» Information
################

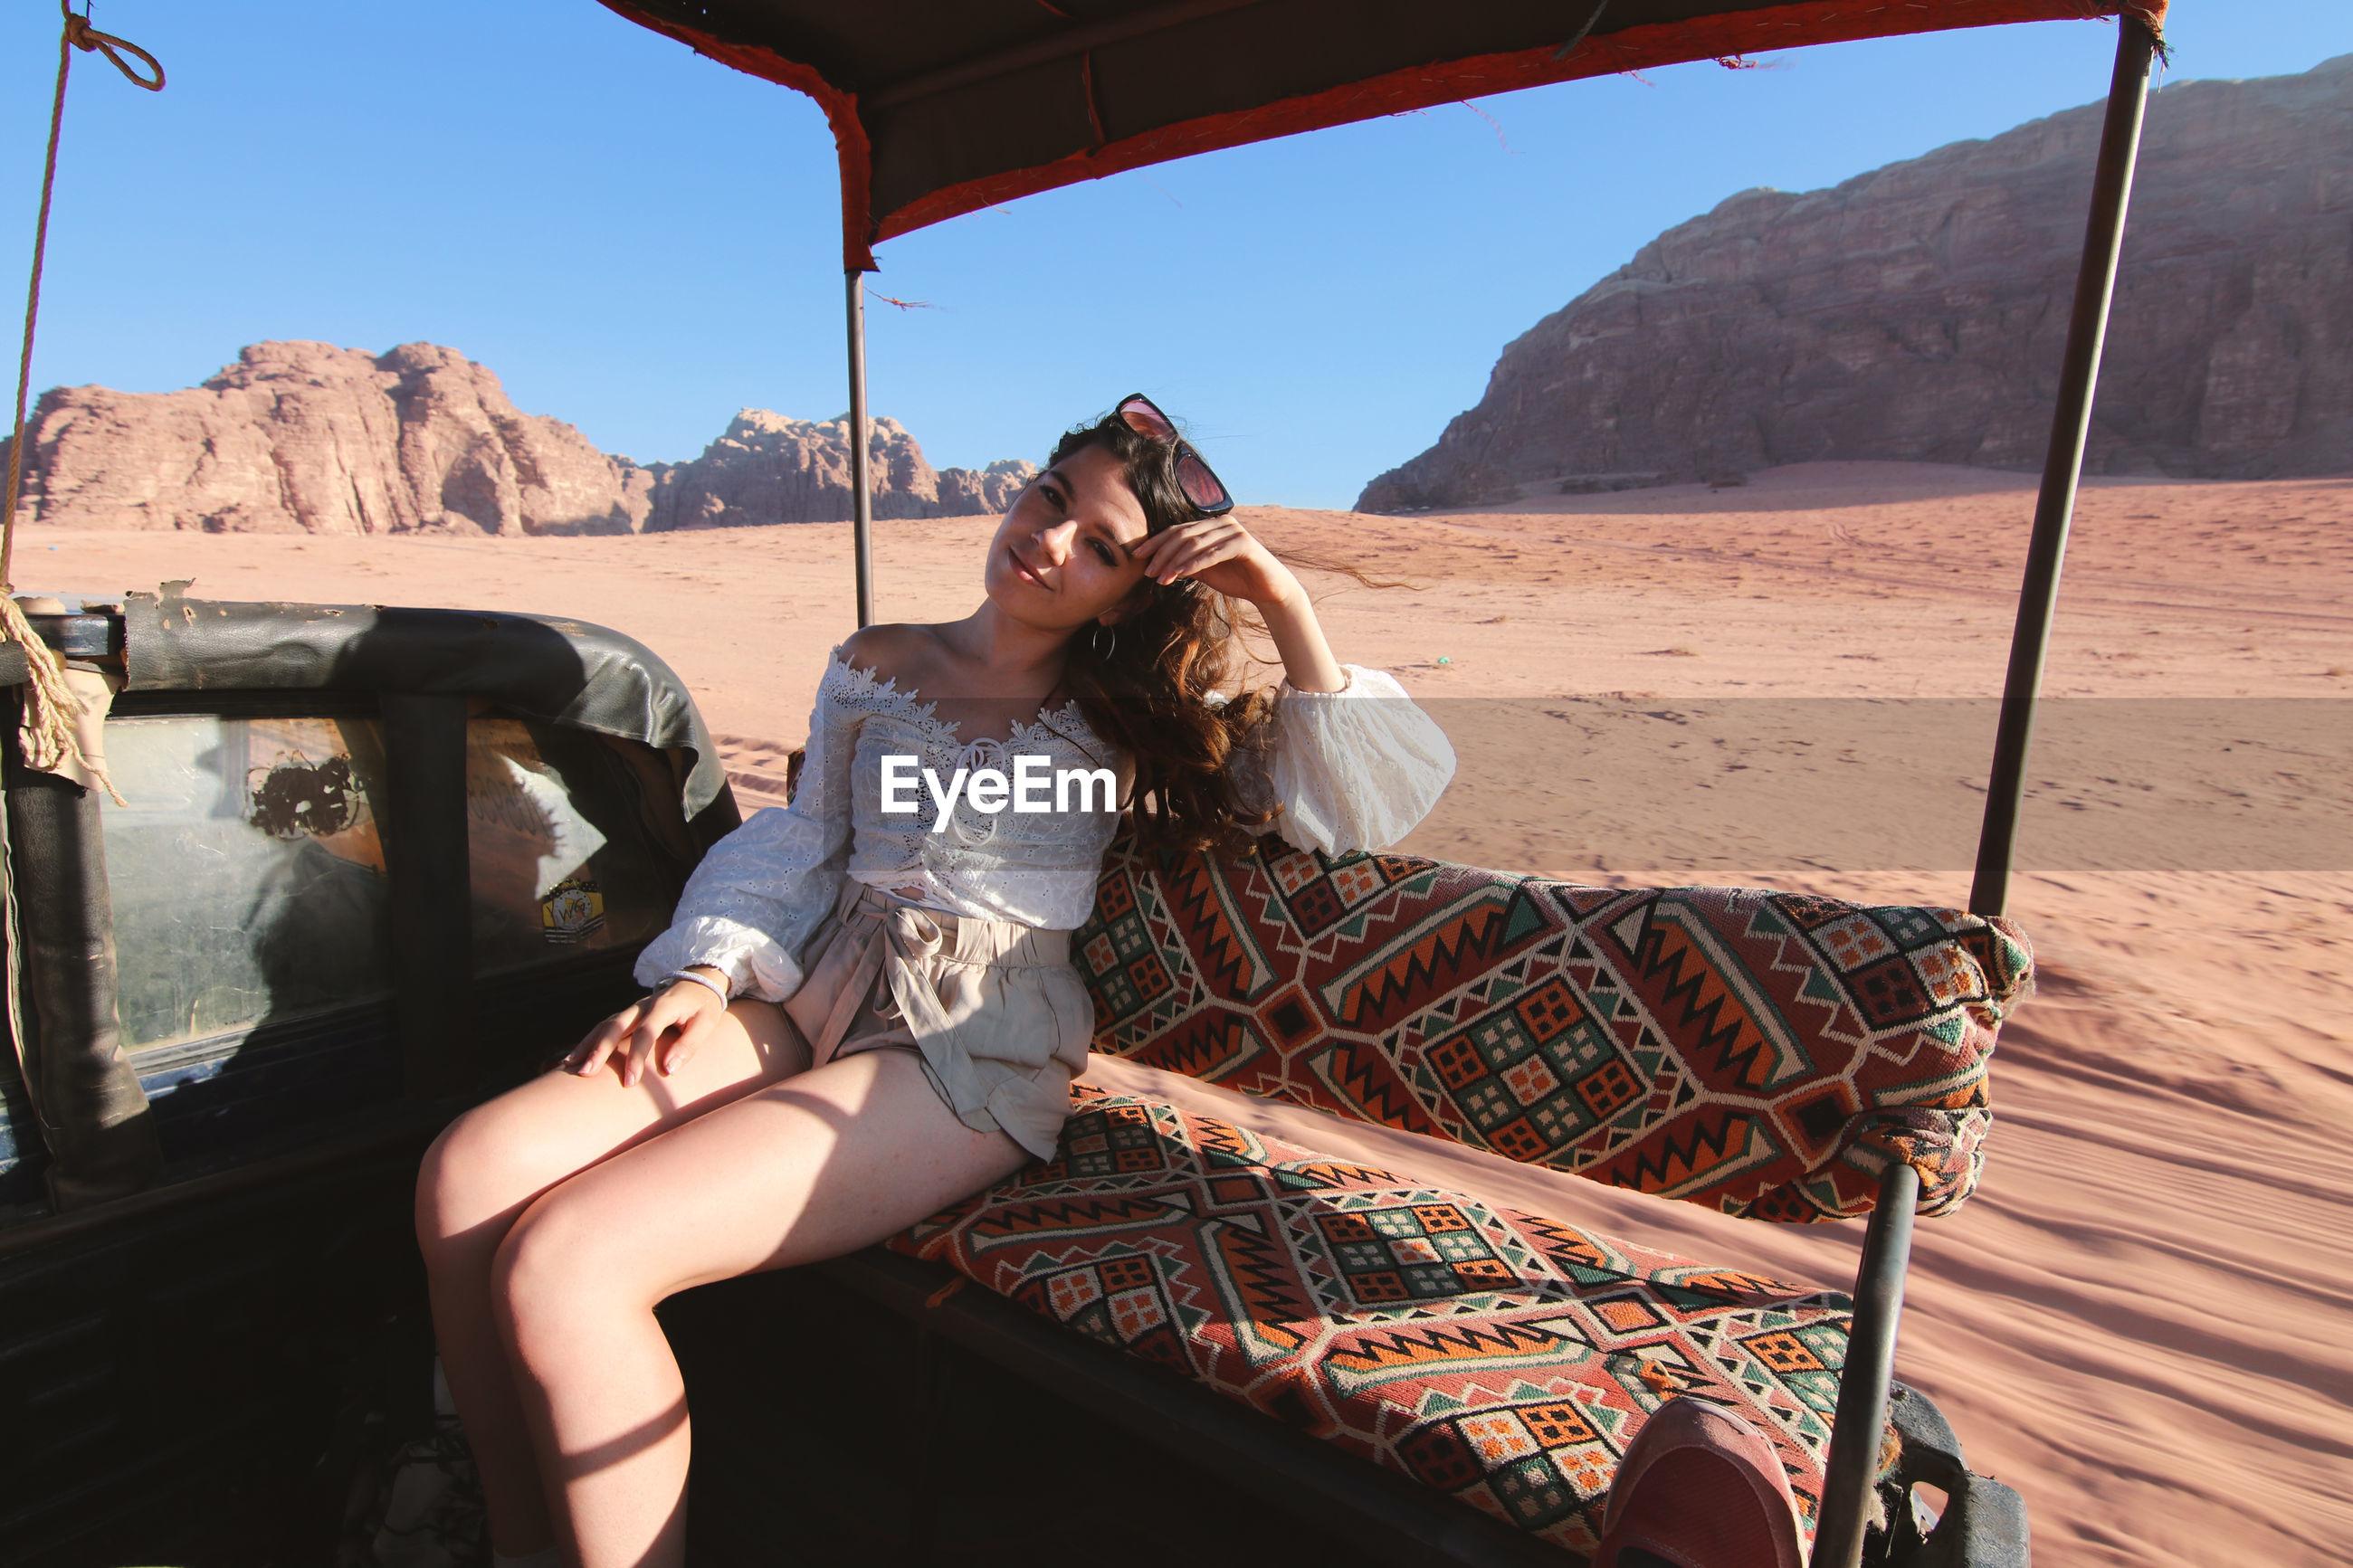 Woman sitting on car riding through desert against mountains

################

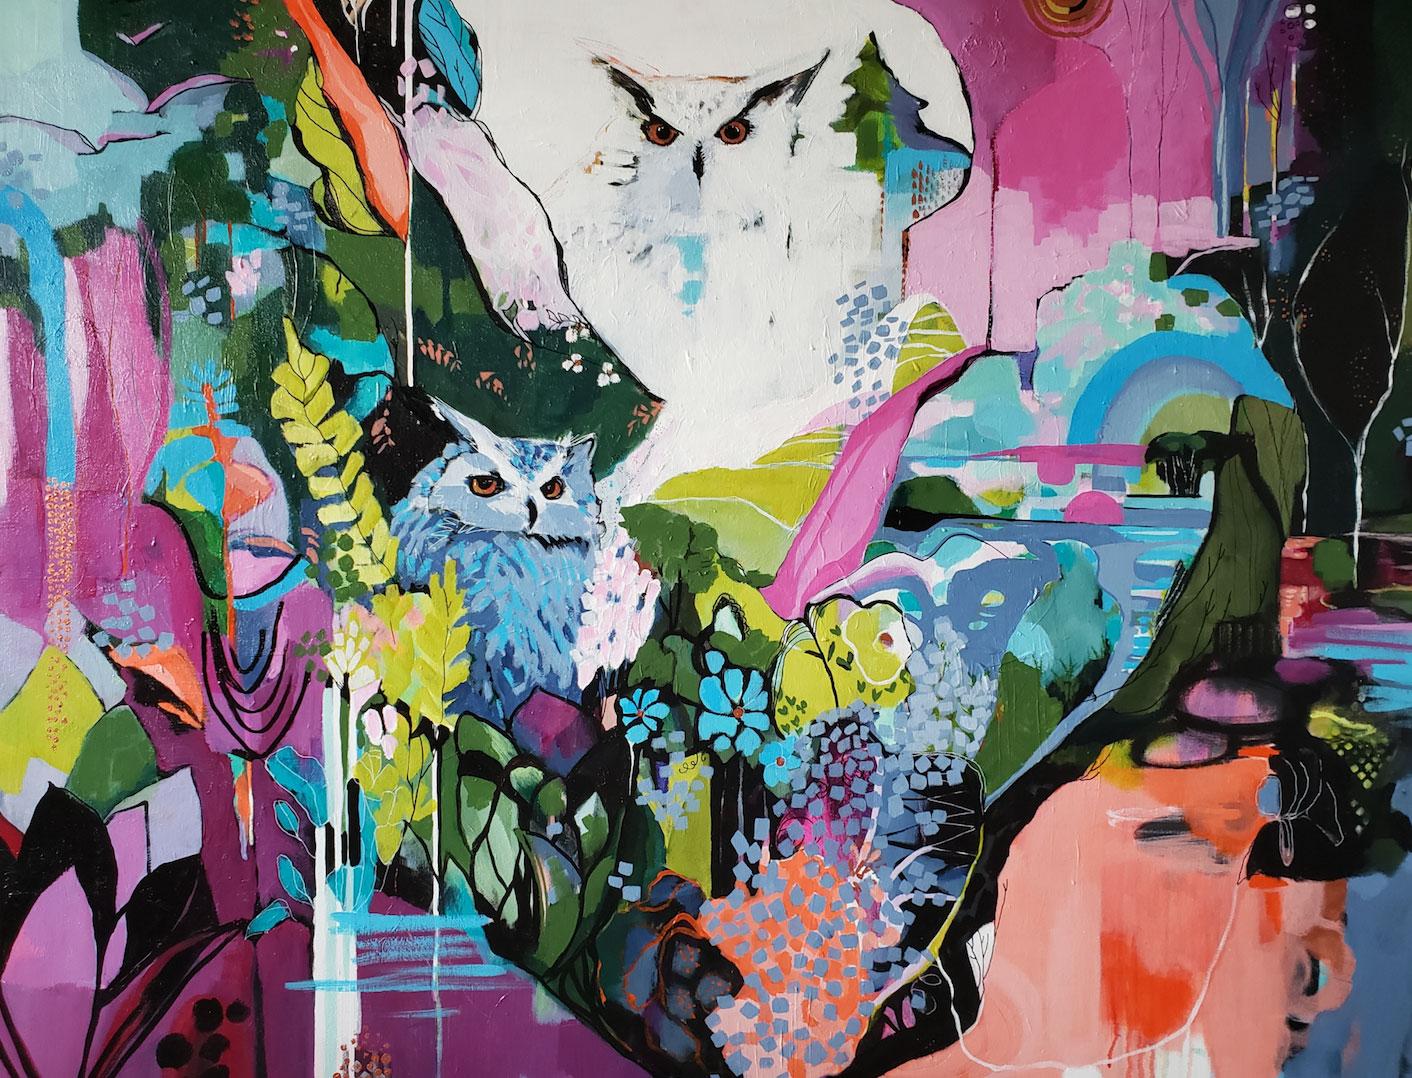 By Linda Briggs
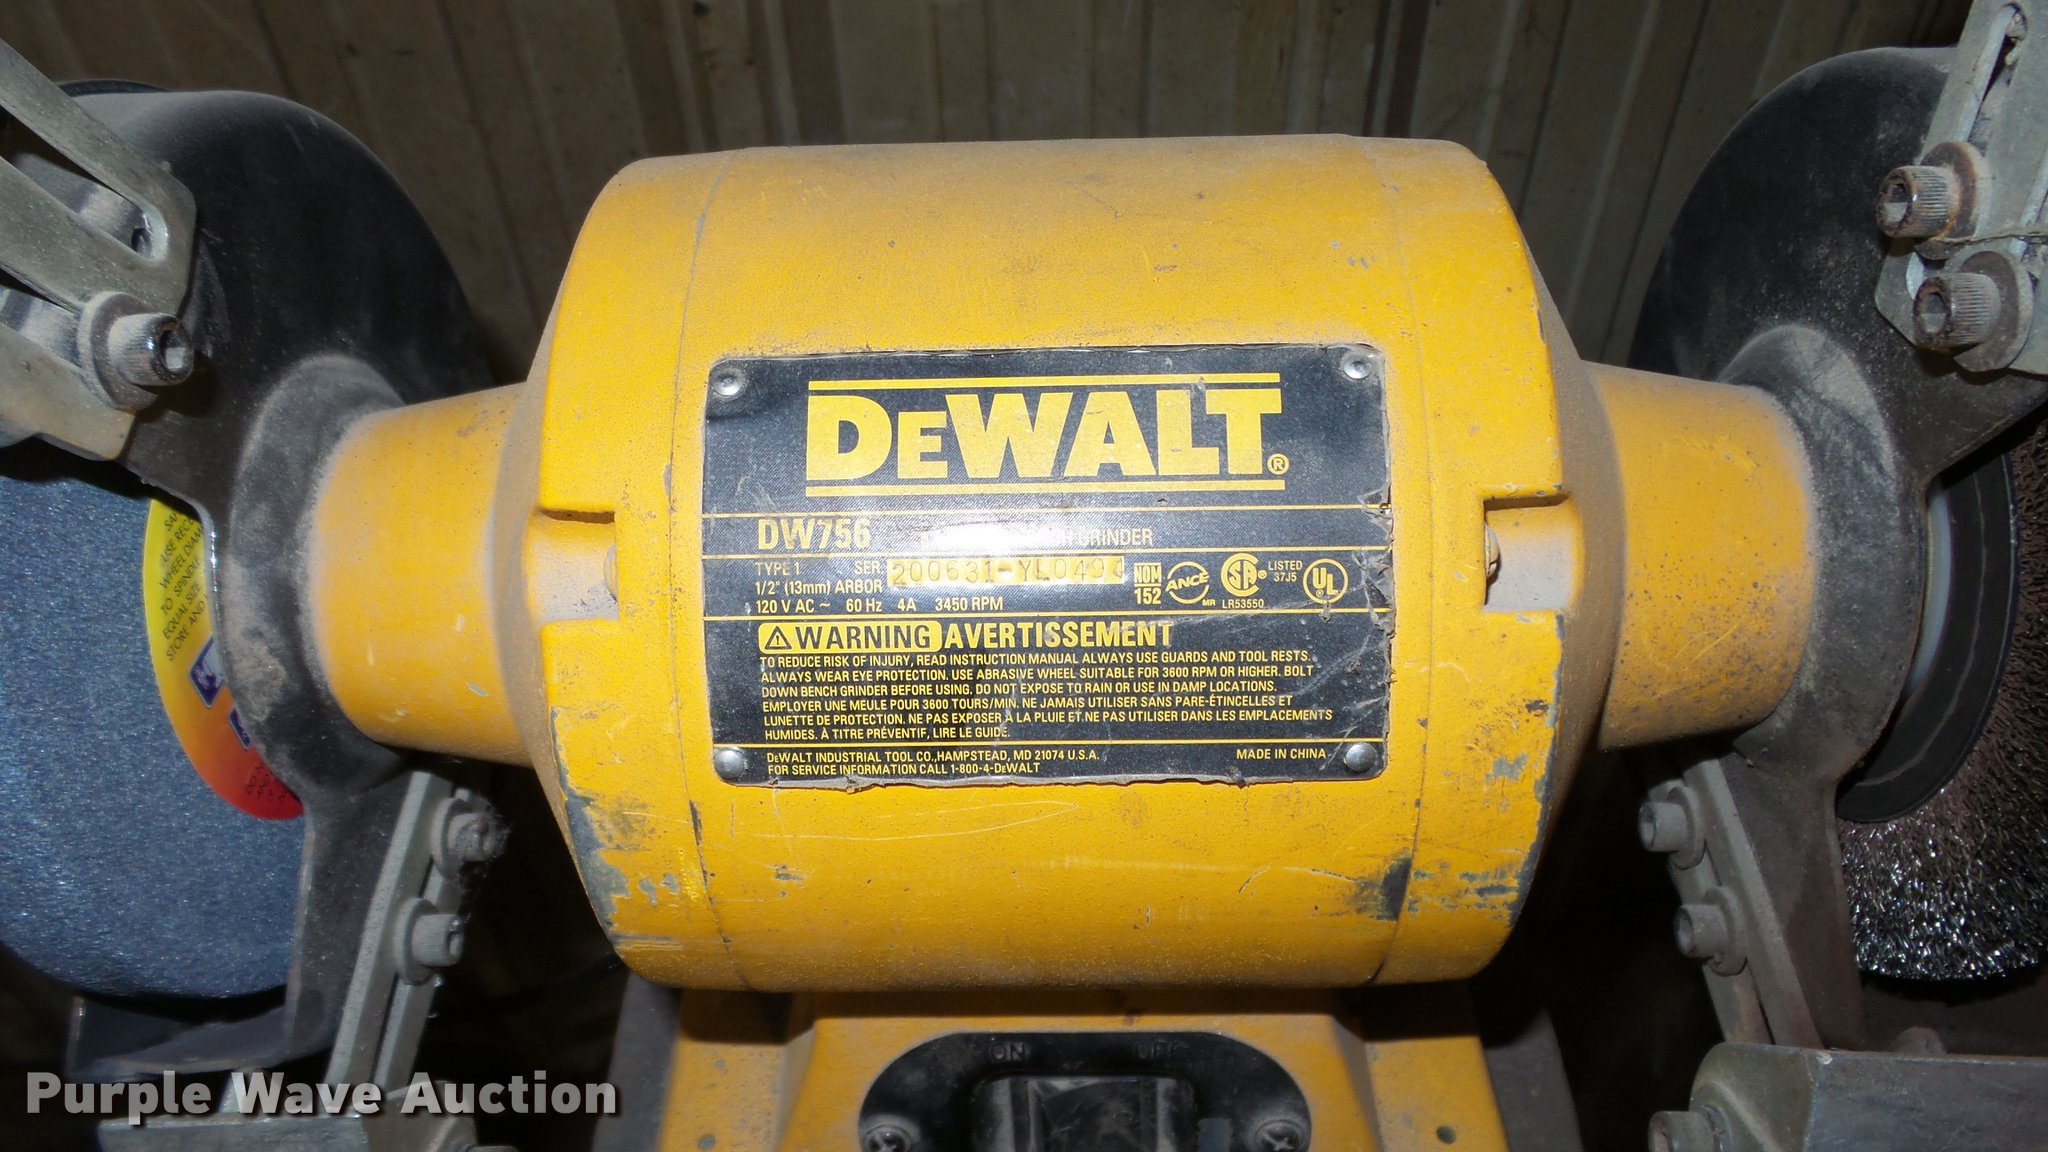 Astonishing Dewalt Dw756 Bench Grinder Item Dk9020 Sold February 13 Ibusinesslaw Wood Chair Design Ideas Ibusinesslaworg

################

In the entries above, find the line with "By Linda Briggs" and the line with "Astonishing Dewalt Dw756". Return exactly those lines and all the ones between them, pictures excluded.

 By Linda Briggs
 Astonishing Dewalt Dw756 Bench Grinder Item Dk9020 Sold February 13 Ibusinesslaw Wood Chair Design Ideas Ibusinesslaworg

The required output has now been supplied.